Wednesday, January 23, 2008

I Feel Like a Prisoner in my own Skin

I don’t like doing drugs because it makes me feel like a prisoner in my own skin. I’m a curious and neurotic person. I ask a lot of questions, research excessively, blab, and oppose something or another. It’s difficult for me to sustain my natural tendencies if I’m out of it. And I like who I am. Other drugs that put me on overdrive doesn’t have a restrictive feeling, but it makes me feel inferior. If I’m 110% when I’m all sooped up, the bonus accomplishments are a disappointing reminder of how I needed help with that. I know a girl who used to be a med student and was only able to keep up because she was a coked up. She was unwilling to accept that she couldn’t make it on her own and got recreational assistance. I guess she thought it was easier than facing the truth. I’ve never developed the ability to hide from the truth.
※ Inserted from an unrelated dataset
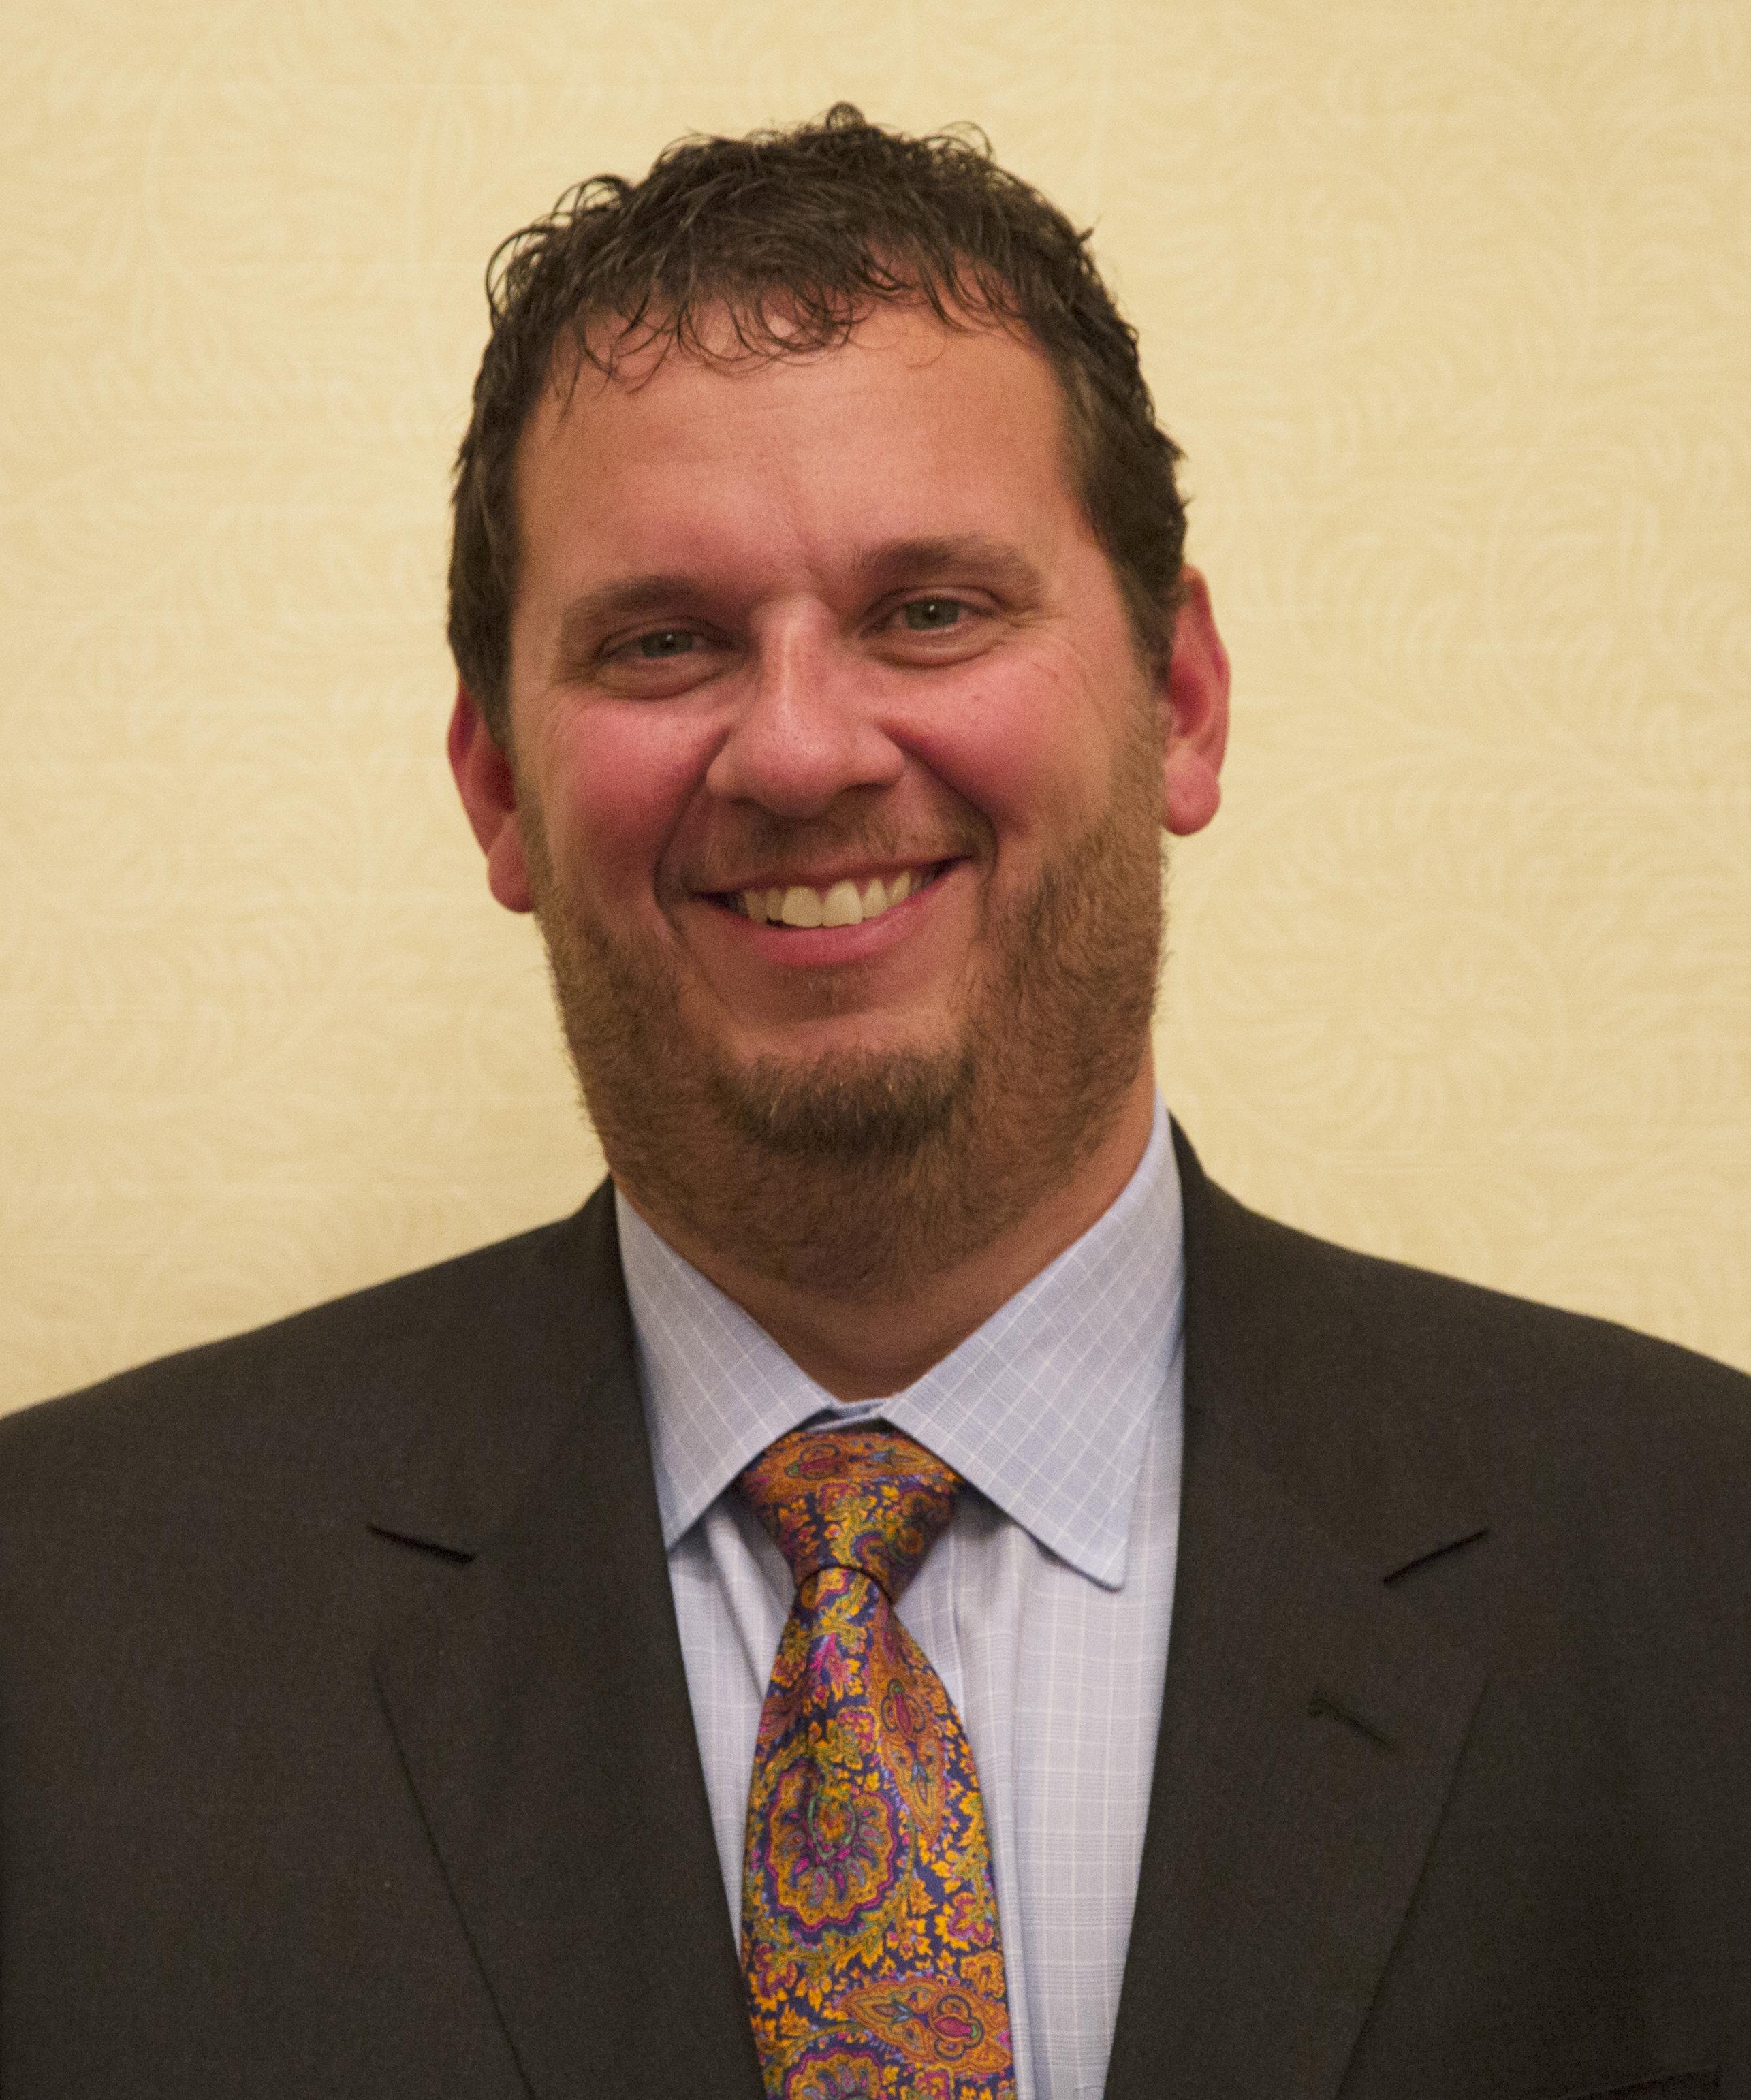 Anthony Wickersham

And I hate feeling inferior and inadequate. I also have an addictive personality, and it was hell to get my life back on track. Even though I already knew this, it took me a long time before I consciously felt the way I do now. When you’re all drugged up, you don’t focus on who you are and the negative impacts it has on your life. I didn’t do it because I enjoyed it. Well, I did, but I hated that, which is why I’m so surprised when I hear people brag about the shit they do. Why would you be proud of that? Especially weed. I never got that. It’s not an addictive drug. It’s just a way to be lazy with recreational assistance. WTF needs help being lazy? It’s supposed to be a passive activity. I guess I shouldn’t judge. I can argue equally rational points for my past mistakes. I just can’t understand why people wouldn’t want to change. I felt like my choices were taken away from me, and it took me a long time to get that back. I didn’t want it to be like that. It just turned out that way. The way I see it, if the world is so terrible that you need drugs to make it bearable, I wouldn’t want to live. That philosophy scares me because, at times, life becomes unbearable. But that’s why I try to do everything I can to remind me of all the good things.